Where for example Bluetooth technology is employed in the
communication link, a one-time identifier is assigned to the
connection during connection setup for associating the
intercommunicating parties with each other. Alternatively, the
communication link may for example comprise an infrared link. The
information to be transmitted can be encrypted by means of the
telecommunication terminal, such as the preferred mobile station,
in which case the actual encryption of the transmitted information
may for example be performed by means of or within a subscriber
identity module which contains the keys required for encryption
and/or digital signing of the information.
[0016] The service apparatus receives the encrypted message from
the telecommunication terminal. Part of the message may consist of
a service provider's network address as determined by the terminal.
The network address may also be determined in the service apparatus
when it is known which service is intended to be accessed by the
user.
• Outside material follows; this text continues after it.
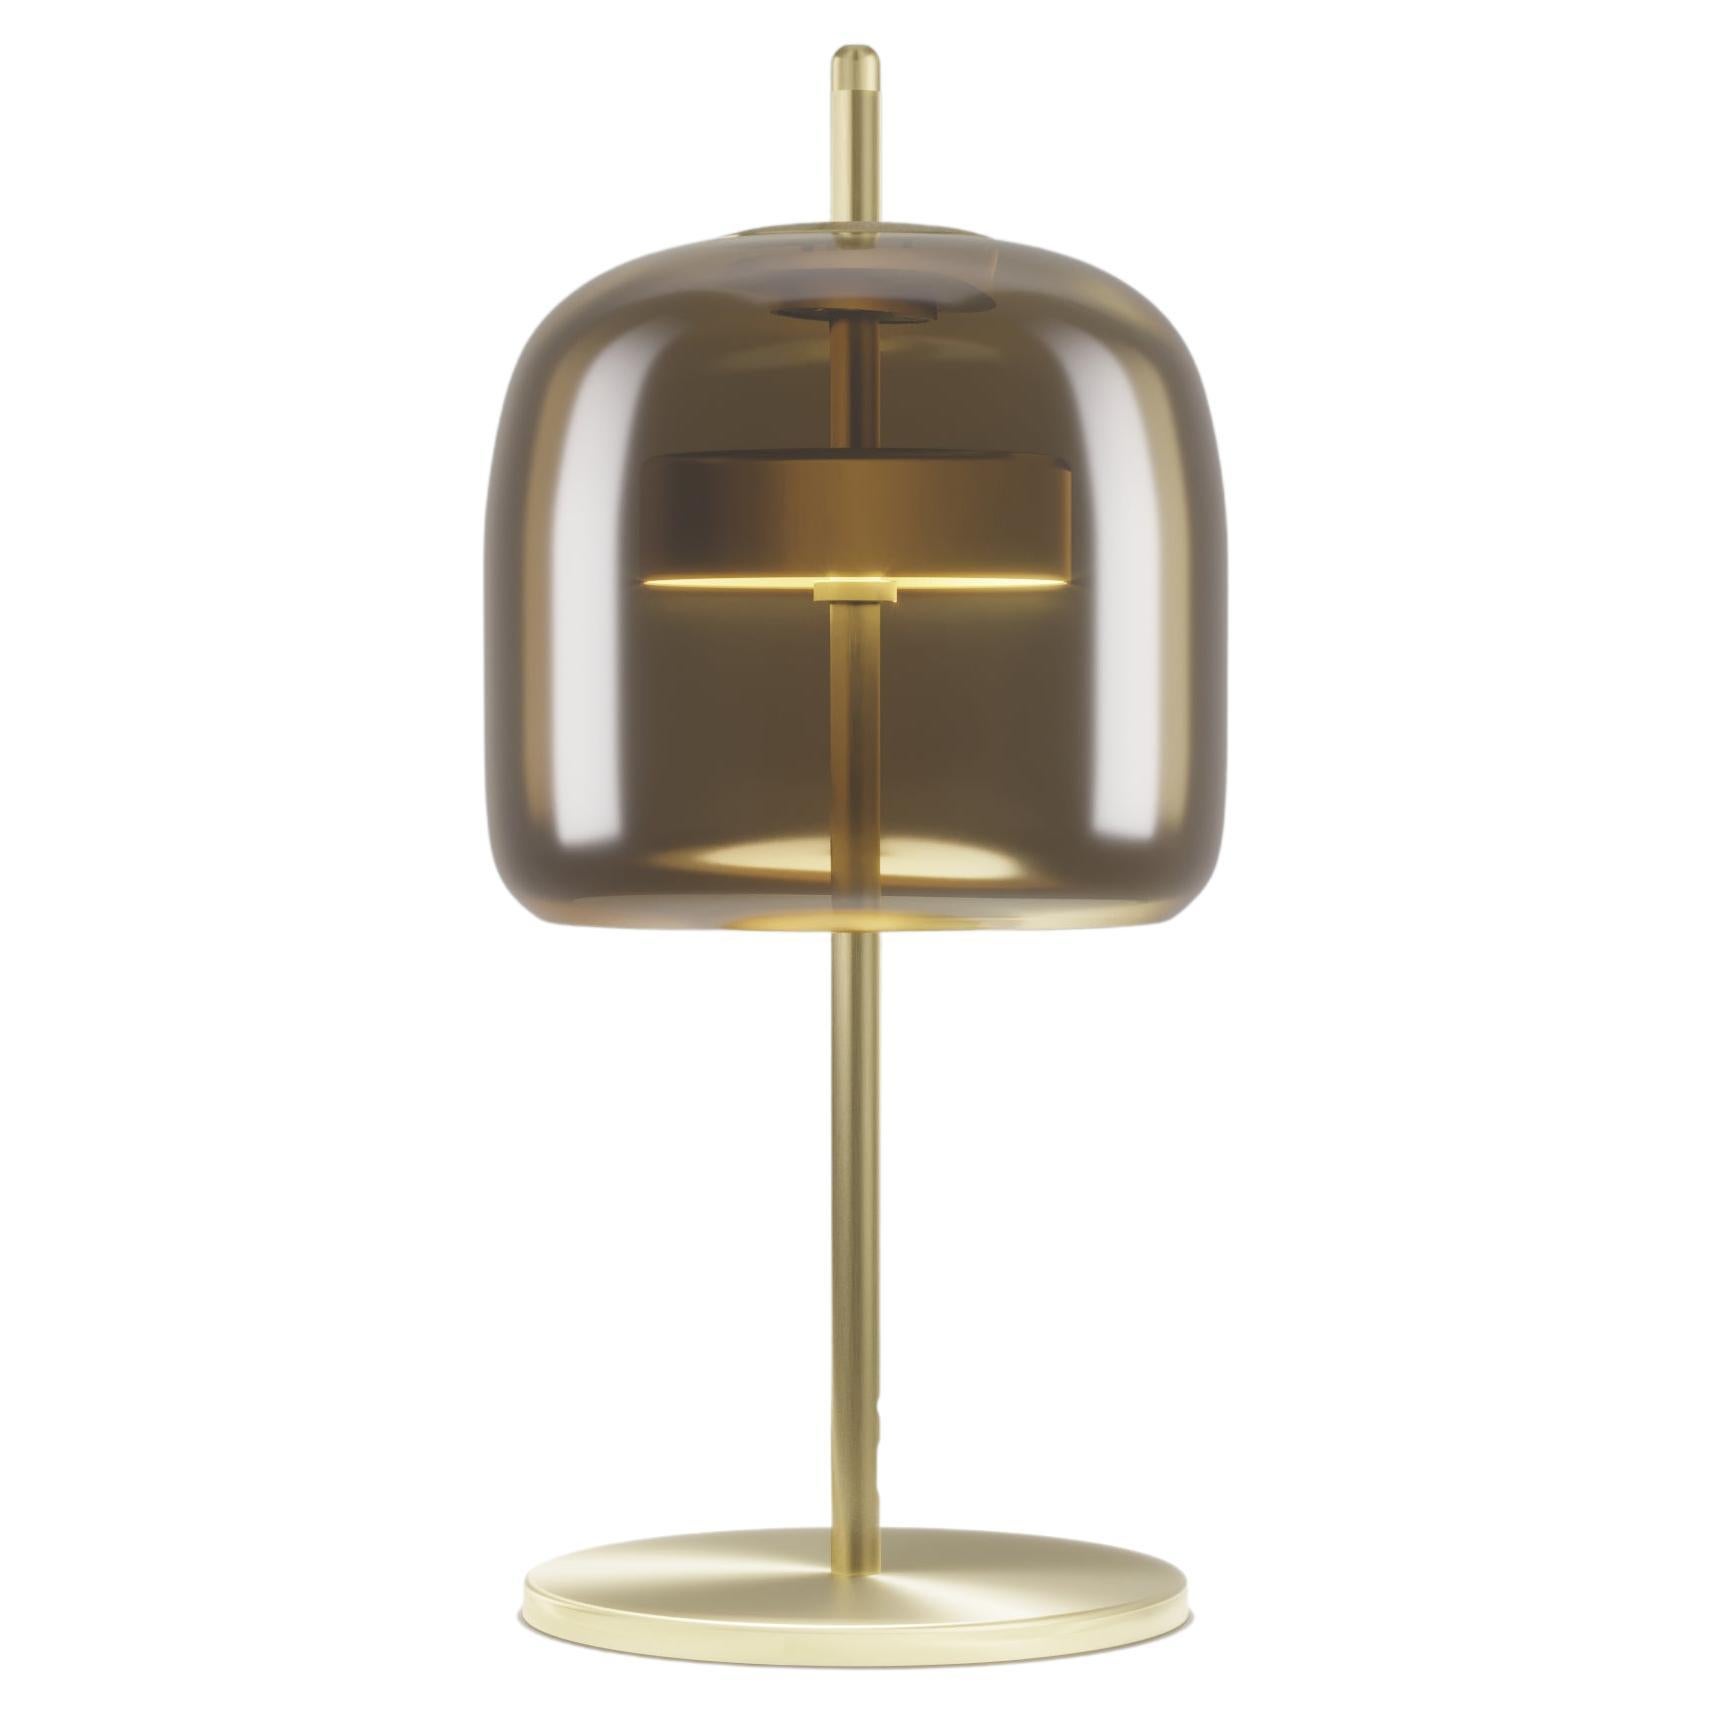 Vistosi Jube Table Lamp in Burned Earth Transparent Glass And Matt Gold Finish

Based on the determined network address, the message is
transmitted to the service provider. The network address is
preferably an IP (Internet Protocol) address, which does not
actually define the receiving machine but, rather, unambiguously or
uniquely defines the connection within the world. It should also be
understood that although the telecommunication network is described
herein as the Internet, this network identification is solely by
way of illustrative example and it is fully contemplated and
intended that the telecommunication network in accordance with the
invention may alternatively be any desired or otherwise available
or suitable network, such as a bank payment network.
[0017] In the inventive method, the telecommunication terminal
and/or the service apparatus and/or the service provided by the
service apparatus is assigned an unambiguous identifier. This
identifier may be associated with predetermined encryption and/or
signing keys. In implementing encryption, the information received
from the telecommunication terminal is encrypted and/or digitally
signed using the keys associated with the service apparatus and/or
the service-specific unambiguous identifier, and the encrypted
and/or signed information is transmitted or sent over the
telecommunication network to the service provider to a network
address determined by the telecommunication terminal or service
apparatus. When the service provider receives the encrypted
message, the keys needed for its decryption can be determined on
the basis of the identifier that forms a part of the message. In
practice, the implementation may be such that the service provider
and/or service apparatus communicates with a trusted third party
(TTP), as via the telecommunication network. The trusted third
party maintains a database containing the encryption and/or signing
keys that are associated with each unambiguous identifier.
[0018] From the trusted third party, the service provider receives
information regarding the keys associated with a given identifier,
preferably public encryption and digital signing keys. The service
apparatus may also communicate with the trusted third party. Where
the encryption and/or digital signing of the message are
implemented using a public key method, the authenticity of the
message can be reliably verified. And based on the identifier, the
service apparatus and/or service with which the identifier is
associated can be determined. The service apparatus may, by way of
example, be a cash machine, a cash system, a computer or an
automated service machine.
[0019] The encryption of incoming and outgoing messages and the
management of encryption keys, preferably public and secret or
private keys of a public-private encryption key system, that are
associated with the messages may be implemented using a specific
security module. Through the use of such a security module it is
possible to readily add the ability to use encryption and message
authentication to equipment in which these features were not
originally available.
[0020] The selected service may comprise response and/or control
information from the service provider to the service apparatus
and/or telecommunication terminal. The service apparatus can be
controlled on the basis of a response sent by the service provider.
Moreover, updating information about the progress of the service
can be sent to the terminal, as for example where a
telecommunication terminal is used as a means of payment, in which
case a service request is sent from the terminal to the service
provider and the service provider informs the terminal of the
success or failure of the service request. Payment arrangements may
additionally comprise a feature requiring that the payment
transaction be separately confirmed; confirmation may for example
be implemented by having the telecommunication terminal send a
service-specific confirmation code in a separate message to the
service provider. The separate message may by way of illustration
take the form of an encrypted SMS (Short Message Service) message.
Upon successful interpretation of the received SMS message, the
service provider may send to the service apparatus a message or
indication reflecting its permission to carry out the service.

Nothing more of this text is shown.